The signature had been torn right through. It had consisted of two initial letters. The first one was rather badly damaged, the torn edge rubbed and blackened by the soot. The letter might have been any one of several. There was a just discernible cross stroke half way down which might have formed part of an A, and E, or an F. The second letter might, or might not, be an R.

CHAPTER XIX

Susan spent a dusty morning finishing up the Victorian novelists. There seemed to be an incredible number of them. An entire set of Mrs. Henry Wood, including no less than three copies of the famous East Lynne. A notorious tear-jerker- but three copies! There were also sets of Charlotte M. Yonge, an author beloved by Susan’s Aunt Lucy, and whose descriptions of vast Victorian families she herself had always found enthralling. There they were, in their original editions, and obviously well read. She remembered to have heard that strong men in the Crimea with death and disease running riot all about them had wept when the ill-fated Heir of Redclyffe died upon his honeymoon.

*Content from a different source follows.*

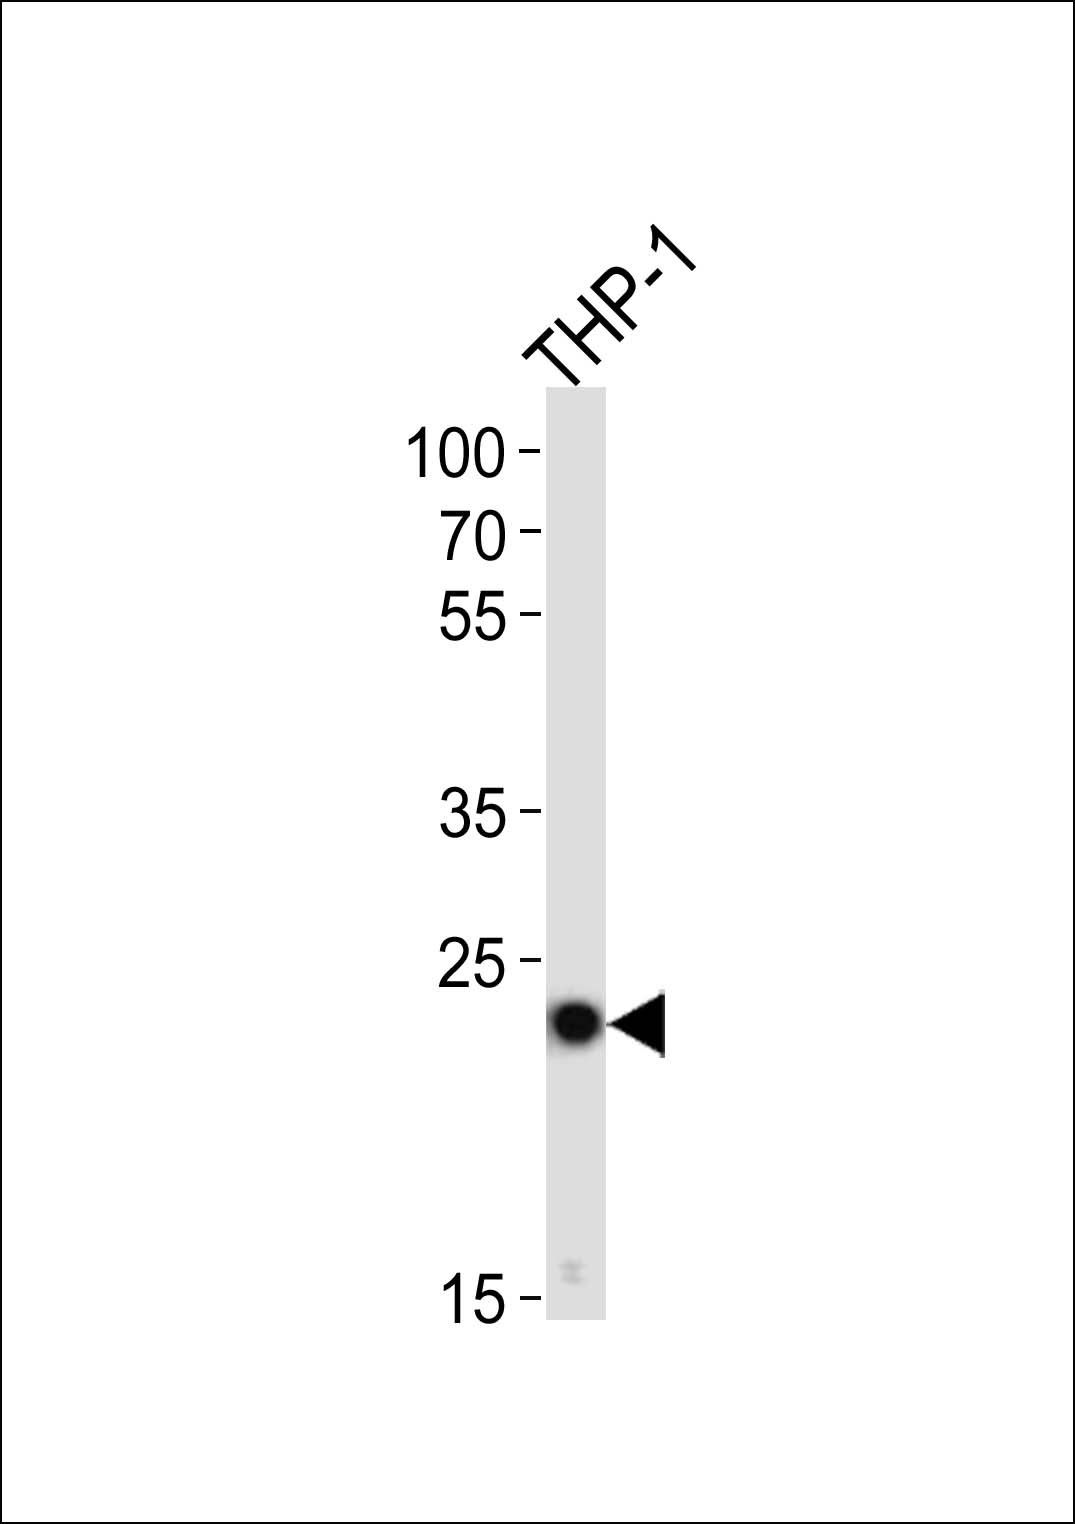 TMS1 antibody

There was something tranquilizing about the ebb and flow of these family histories, even when they dealt with such tragedies as this. The people who died in them would all have been dead anyhow today. The people who lived in them were really still very much alive. Susan found herself dipping here and there, relieved to get away from the thought of Clarice Dean drowned only last night in the watersplash. She hadn’t known her very well, and she hadn’t liked her very much. No, she hadn’t really liked her at all. But she was a girl, here in Greenings, and if she hadn’t drowned herself, then somebody had drowned her. It gave you a horrid cold feeling. And then for it to be Edward who found the body-

She went on dipping, and trying to forget about Clarice Dean.

Edward was out all day. Susan and Emmeline had lunch together. They discussed the now urgent problem of finding homes for Amina’s kittens.

“And of course I would love to keep them, but if Arnold is really going to turn us out-”

“Darling, you can’t possibly keep them! You have eleven cats already!”

Emmeline looked at her wistfully.

“Is it really eleven? I find them so difficult to count.”

“It is. And there will be floods of more kittens before you can turn round. I think they would take one up at the Hall, and Mrs. Alexander says her sister-in-law in Embank would have one if it is really pretty.”

“They are all pretty,” said Emmeline fondly. “Amina’s kittens always are. I don’t think I can bear to part with them. Arnold hasn’t said anything more about my going, so I think perhaps he didn’t really mean it. Jonathan always did say that he was like that-doing things in a hurry, you know, just to bolster himself up and make himself believe he had one of those strong, ruthless characters. But he isn’t really like that at all. My dear Jonathan was a very good judge of character, and of course Arnold being his own brother, he did know him very well. So I think perhaps that was just a bit of make-believe-telling me I must go. I think he was put out about the garden being untidy -and the cats-and Edward coming here. Especially about Edward. You know, Susan, I quite thought there was something he was afraid of about Edward. Of course people have been saying that he ought at least to give him a share of what James left, and it might have been that. But he went away very quickly when I asked him why he was afraid of Edward coming back.”

Susan was looking surprised. She said,

“Afraid-”

“Oh, yes, I think so. And perhaps my saying it showed him that it wouldn’t do. People would blame him a good deal if he turned me out, and I expect he will have thought of that by now. So I really think I might keep the kittens. Don’t you?”

Neither of them mentioned Clarice Dean.

At two o’clock Susan went back to the Hall, where she encountered a really horrifying book about a man who was transported to Australia in the old Botany Bay days. It was called For the Term of His Natural Life, and dipping into it felt exactly like opening the door upon a hurricane in which all the forces of evil were let loose. It was some time before she could get the door shut again.